Francis Atwoli è un uomo ricco. Questo combattivo settantaduenne ha guidato per vent’anni il sindacato Central organization of trade unions, rappresentando con non pochi paradossi più di 2,5 milioni di lavoratori keniani sottopagati. Con la sua supervisione, il movimento dei lavoratori è stato reso innocuo e Atwoli è ricordato più per la richiesta di alzare il salario minimo rivolta ogni anno al governo in occasione della festa dei lavoratori che per l’impegno a migliorare le loro condizioni di vita. Nella pagina a lui dedicata su Wikipedia c’è scritto che domina il paesaggio politico “come un colosso” e che “il suo risultato più grande è stato di farsi intitolare una strada a maggio del 2021”.

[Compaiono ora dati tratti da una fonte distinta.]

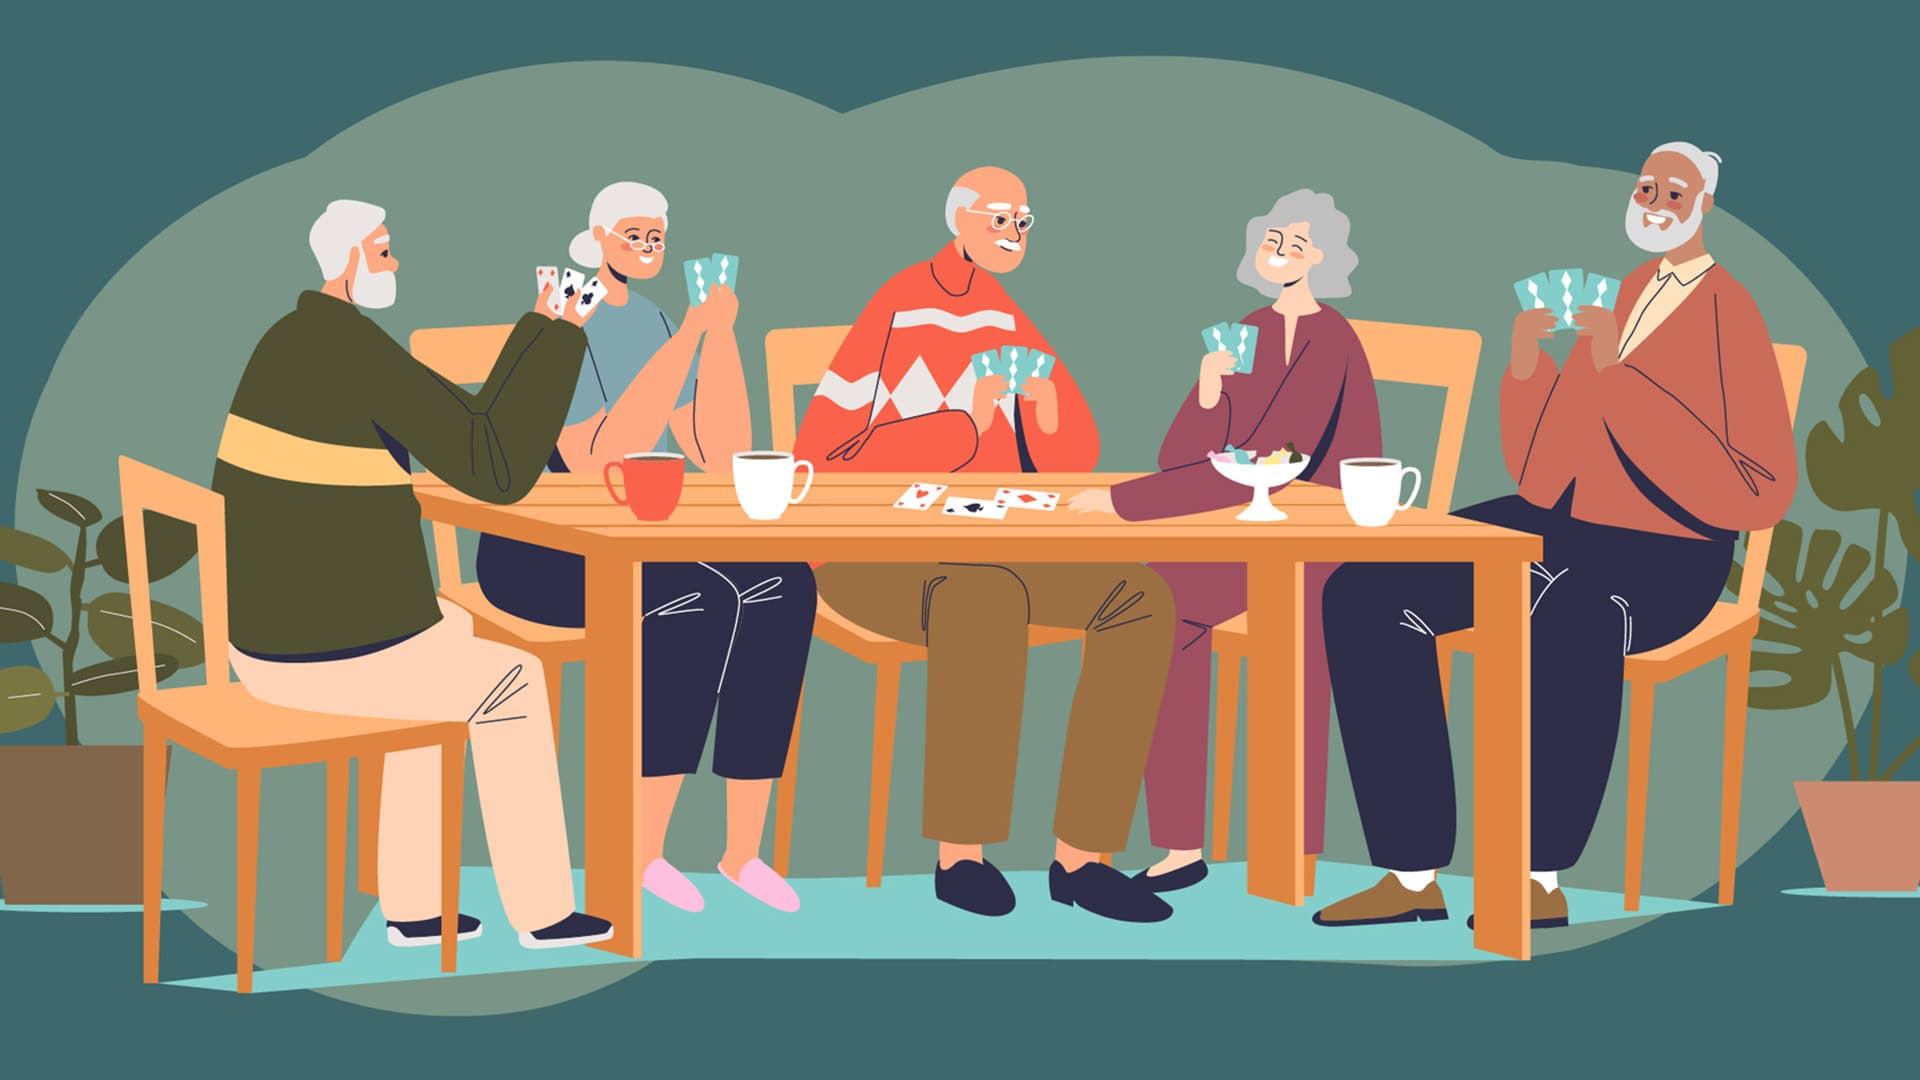 Illustration of older people gather around a table playing cards

A causa di questo “risultato” però, insieme ad altri cittadini benestanti, è finito al centro di una polemica sulla memoria di Nairobi che va avanti fin dalla fondazione della capitale keniana, più di un secolo fa. La decisione della governatrice in carica Anne Kananu di intitolare la strada al suo “amico e fratello” ha fatto indignare molte persone.

I nomi delle vie della città hanno sempre indicato chi ha il potere e chi ne è escluso

Nelle ultime settimane il cartello installato dal governo per indicare Francis Atwoli road (in precedenza Dik Dik road) è stato danneggiato più volte e poi ripristinato nel giro di pochi giorni. Atwoli ha condannato i contestatori e si è vantato su Twitter del fatto che il suo nome sarà “tramandato ai posteri”.

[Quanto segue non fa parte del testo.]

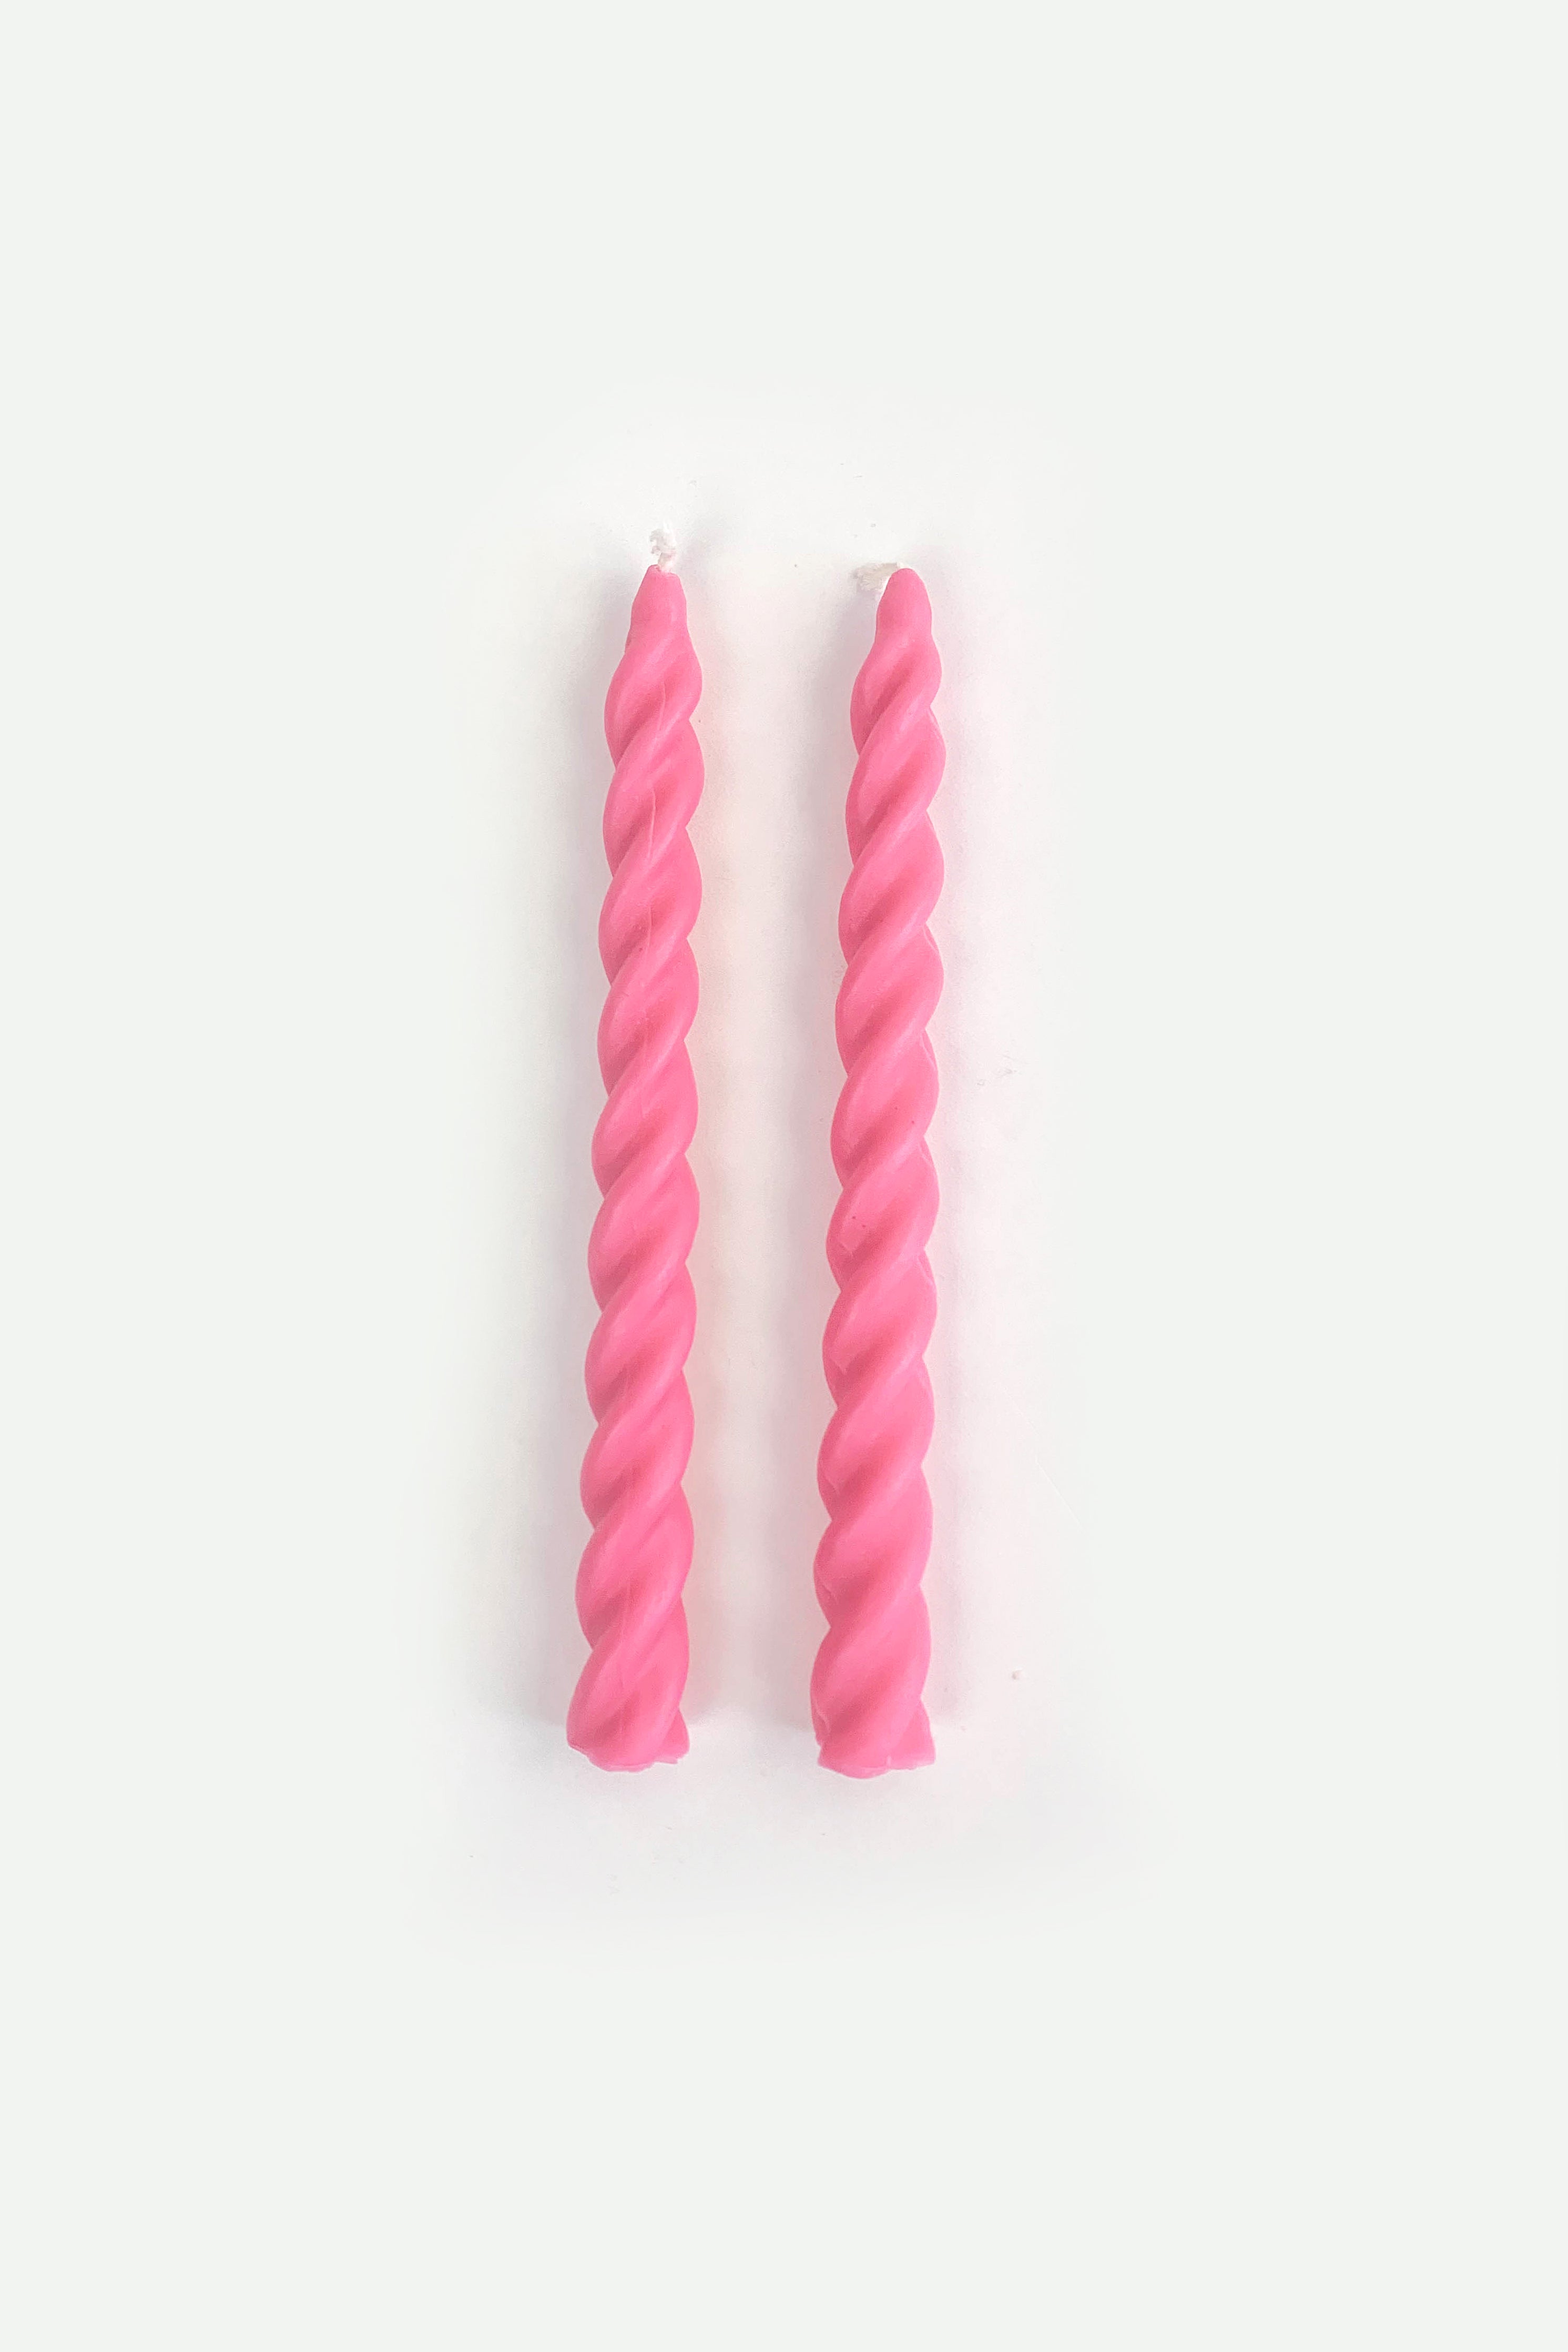 Twisted Taper Candle in Fruit Punch

Non è la prima volta che gli abitanti di Nairobi vedono intitolare le loro strade a gente ricca e influente. I nomi delle vie della capitale hanno sempre indicato quali gruppi sono al potere e quali ne sono esclusi. All’inizio le strade della città erano indicate soprattutto da numeri, che a partire dalla metà degli anni venti furono sostituiti con nomi britannici e indiani, i gruppi al vertice della gerarchia razzista creata dai colonizzatori. Le strade avevano i nomi di coloni e ufficiali britannici, uomini d’affari e leader religiosi indiani.

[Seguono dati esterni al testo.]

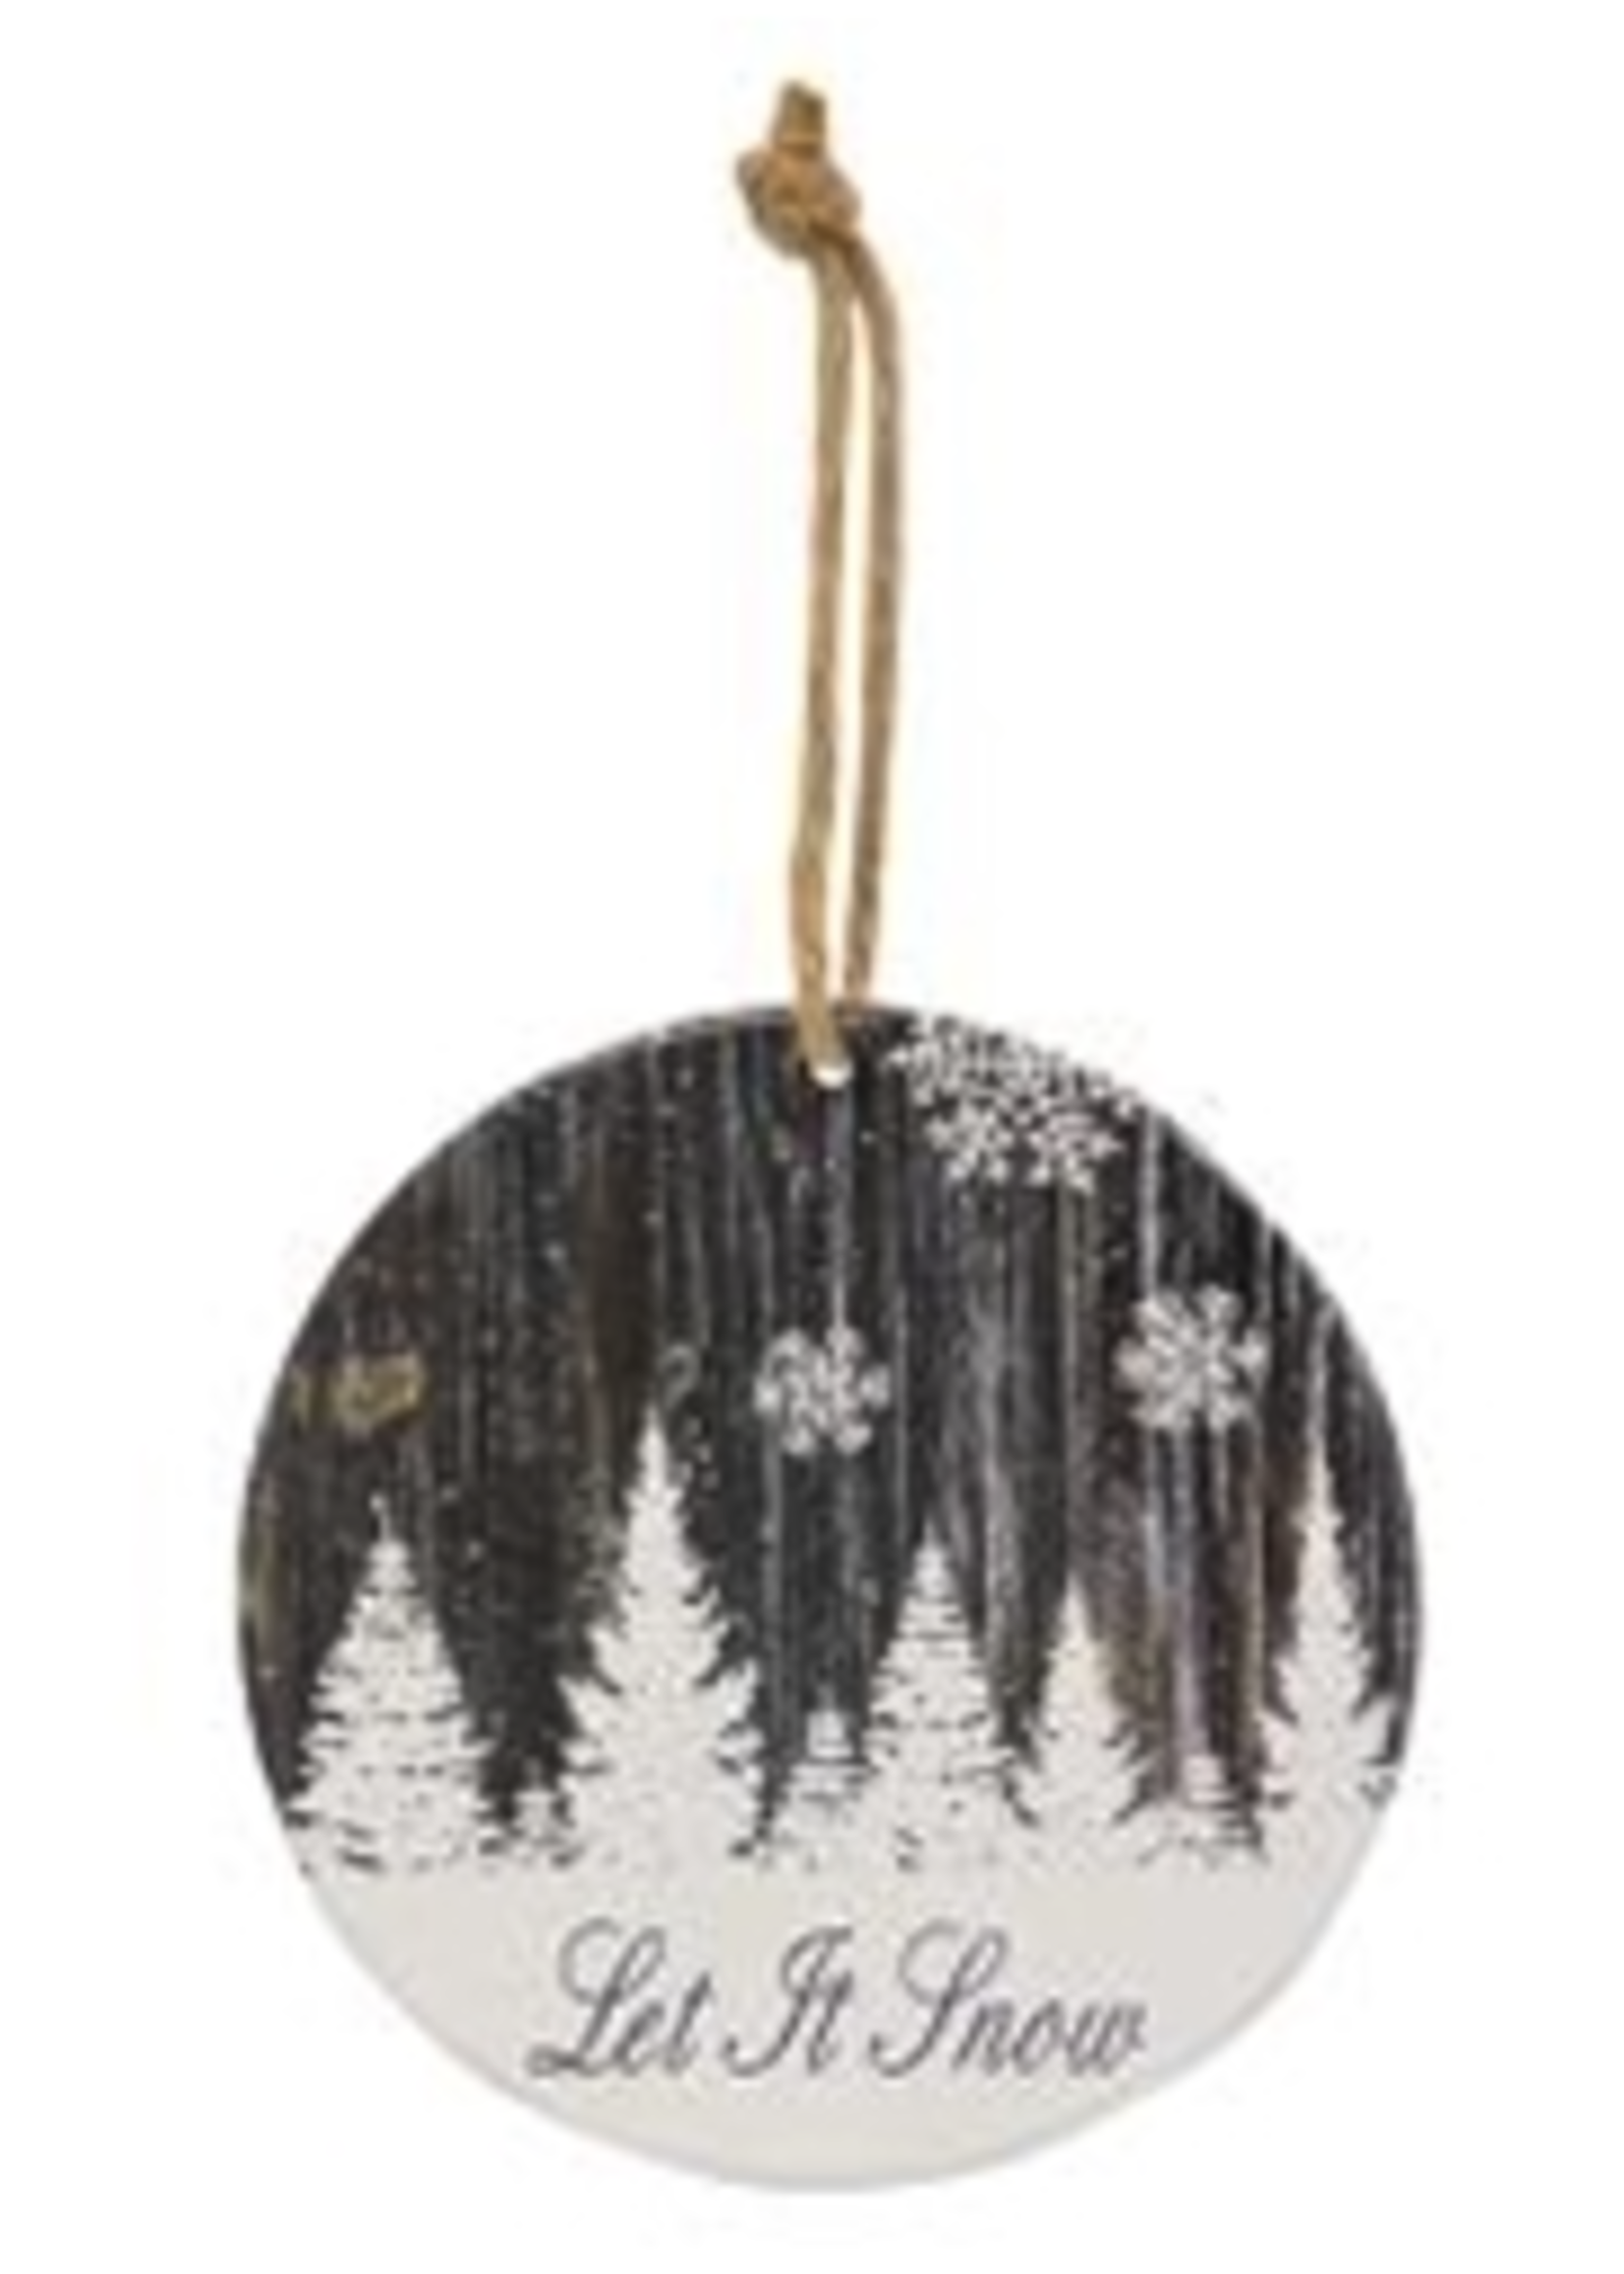 CWI Gifts Let It Snow Snowy Woodgrain 5"

Come osservano Melissa Wanjiru-Mwita e Kosuke Matsubara nel loro saggio sulla storia della toponomastica di Nairobi, nel 1936 “la marginalizzazione degli africani era evidente anche nei nomi delle strade, perché a nessuna strada del centro era stato dato un nome africano”. Nairobi del resto non era fatta per gli africani. Il governo coloniale gli offriva ben poco in termini di alloggi e servizi, anche se rappresentavano il gruppo più numeroso nella città segregata. Wanjiru-Mwita ha notato che “i ‘nativi’ erano considerati abitanti temporanei. Potevano vivere nella città solo se registrati come lavoratori”. Dopo l’indipendenza, nel 1963, l’“africanizzazione” della città diventò una priorità. Le strade di Nairobi sarebbero diventate di nuovo un palcoscenico su cui affermare il dominio. Nel 1972 fu delineata una politica per rinominare le strade. Il nuovo sistema dei nomi non solo indicava la marginalizzazione di bianchi e indiani, ma rifletteva anche la politica etnicizzata del momento e il dominio del gruppo etnico kikuyu, oltre a celebrare la nuova élite africana. Con l’eccezione dei capi di stato, di solito la morte era un requisito essenziale per vedersi intitolata una strada.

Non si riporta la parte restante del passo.